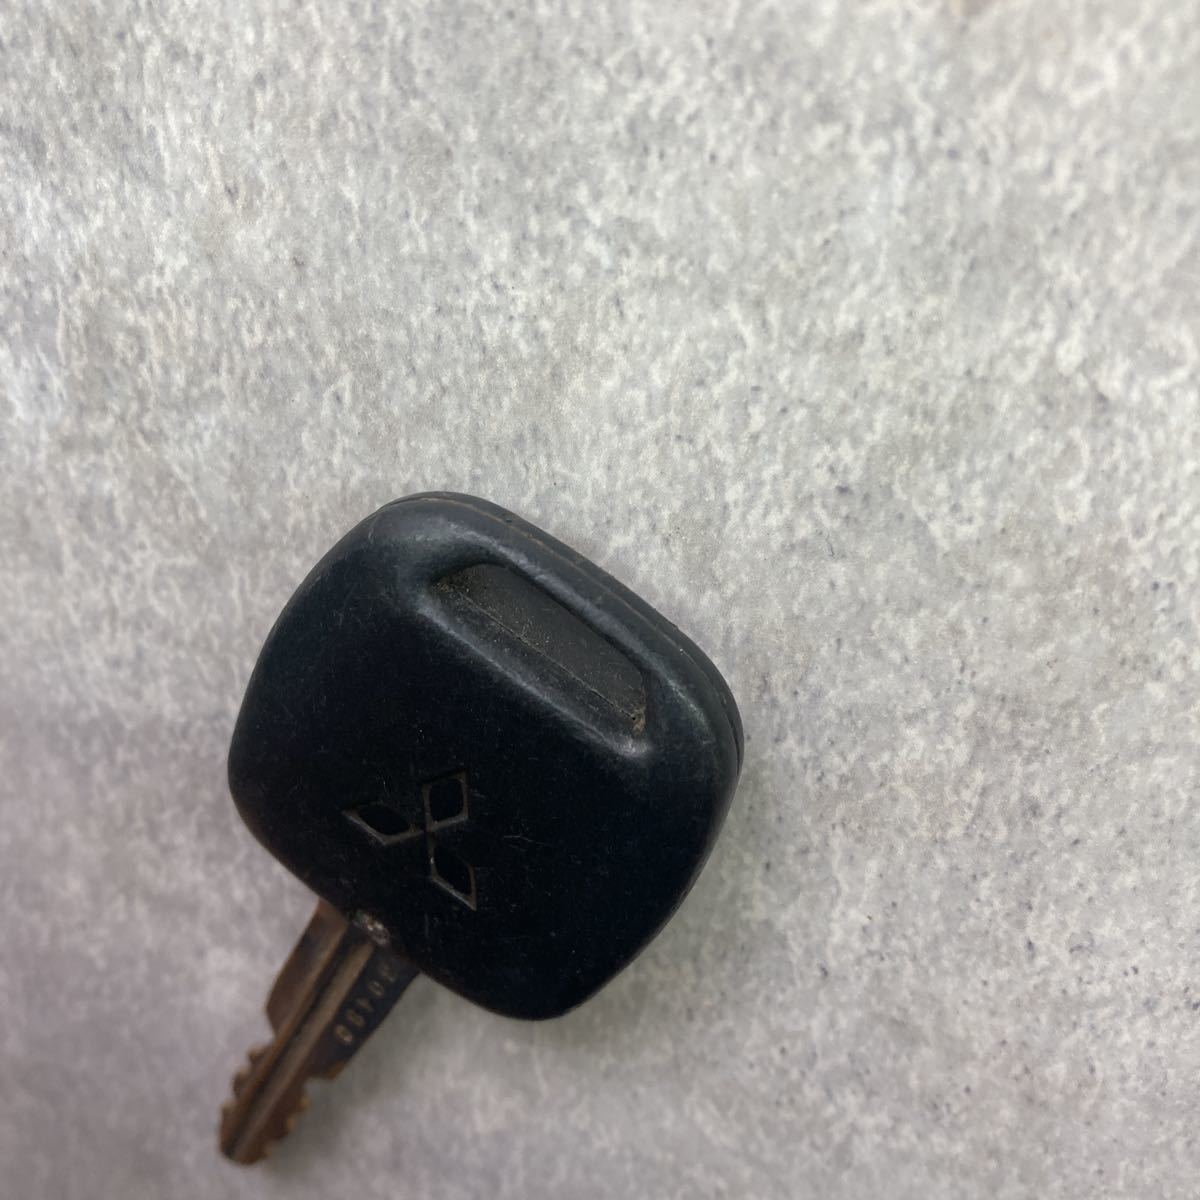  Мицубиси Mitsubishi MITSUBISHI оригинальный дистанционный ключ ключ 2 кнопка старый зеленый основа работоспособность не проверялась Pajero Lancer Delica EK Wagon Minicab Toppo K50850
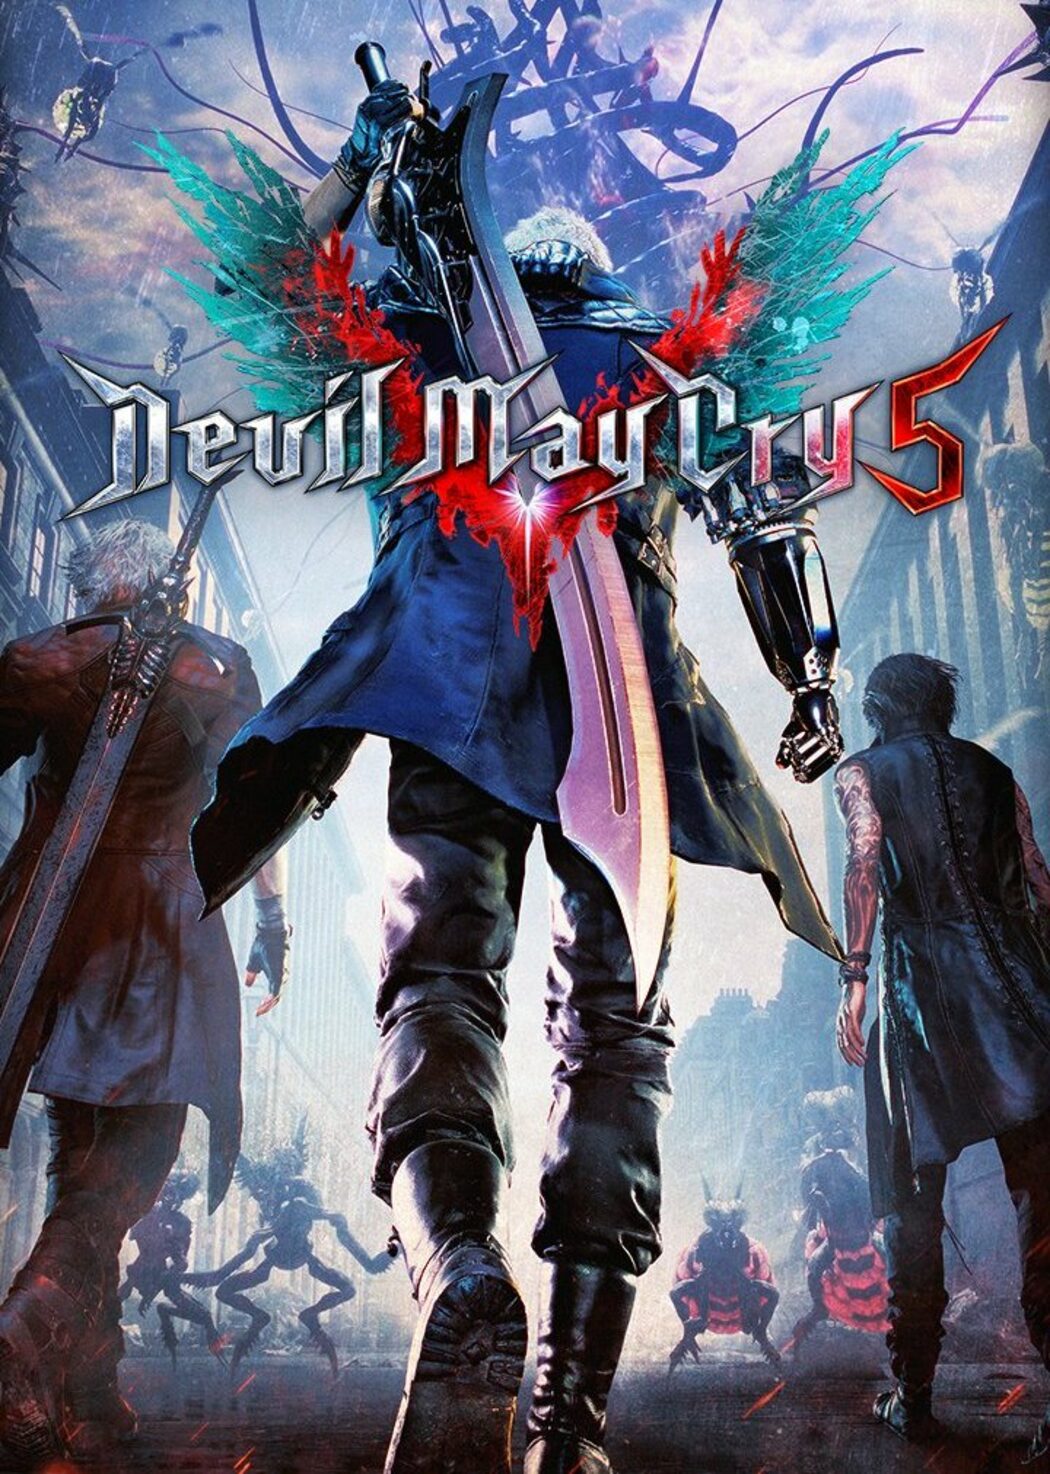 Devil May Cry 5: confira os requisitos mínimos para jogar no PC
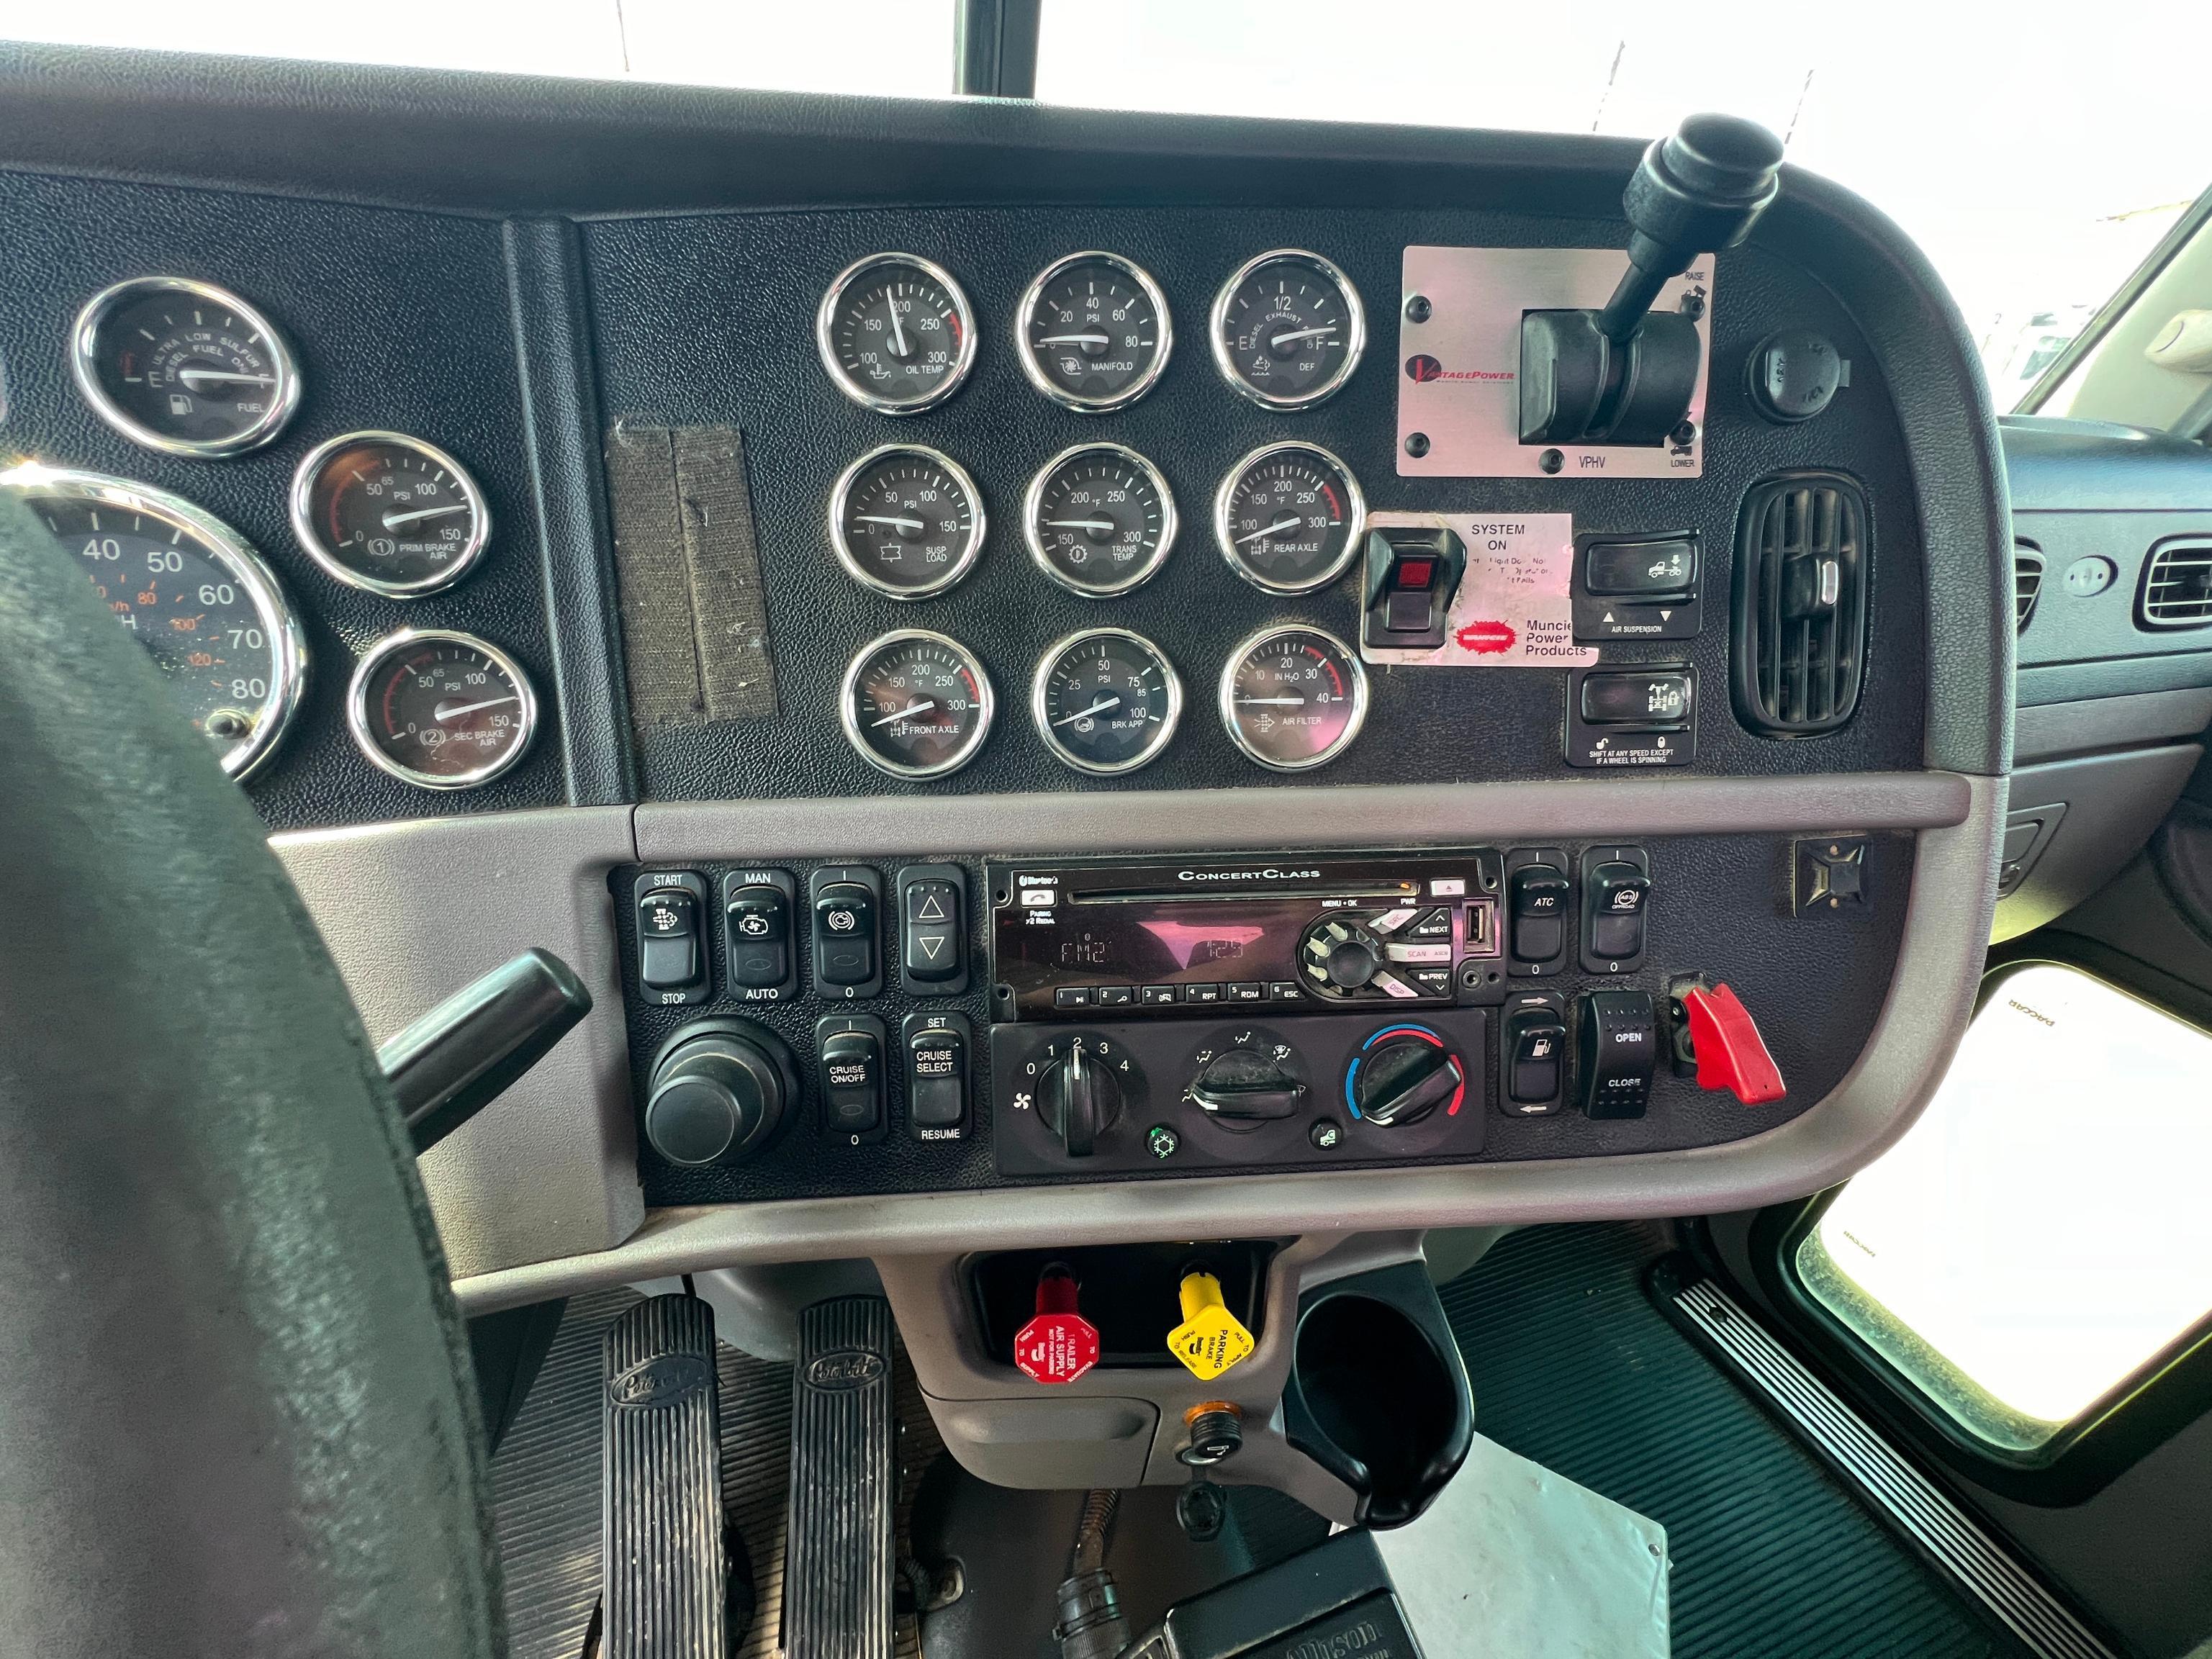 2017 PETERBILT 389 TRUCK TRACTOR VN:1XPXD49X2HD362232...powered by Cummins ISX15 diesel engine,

──────────────────────────────

Counting both ends, reproduce word for word the lines from the line with "Devil May Cry" to the final line of the listing above, skipping every picture.

Answer area
 Devil May Cry 5: confira os requisitos mínimos para jogar no PC
 2017 PETERBILT 389 TRUCK TRACTOR VN:1XPXD49X2HD362232...powered by Cummins ISX15 diesel engine,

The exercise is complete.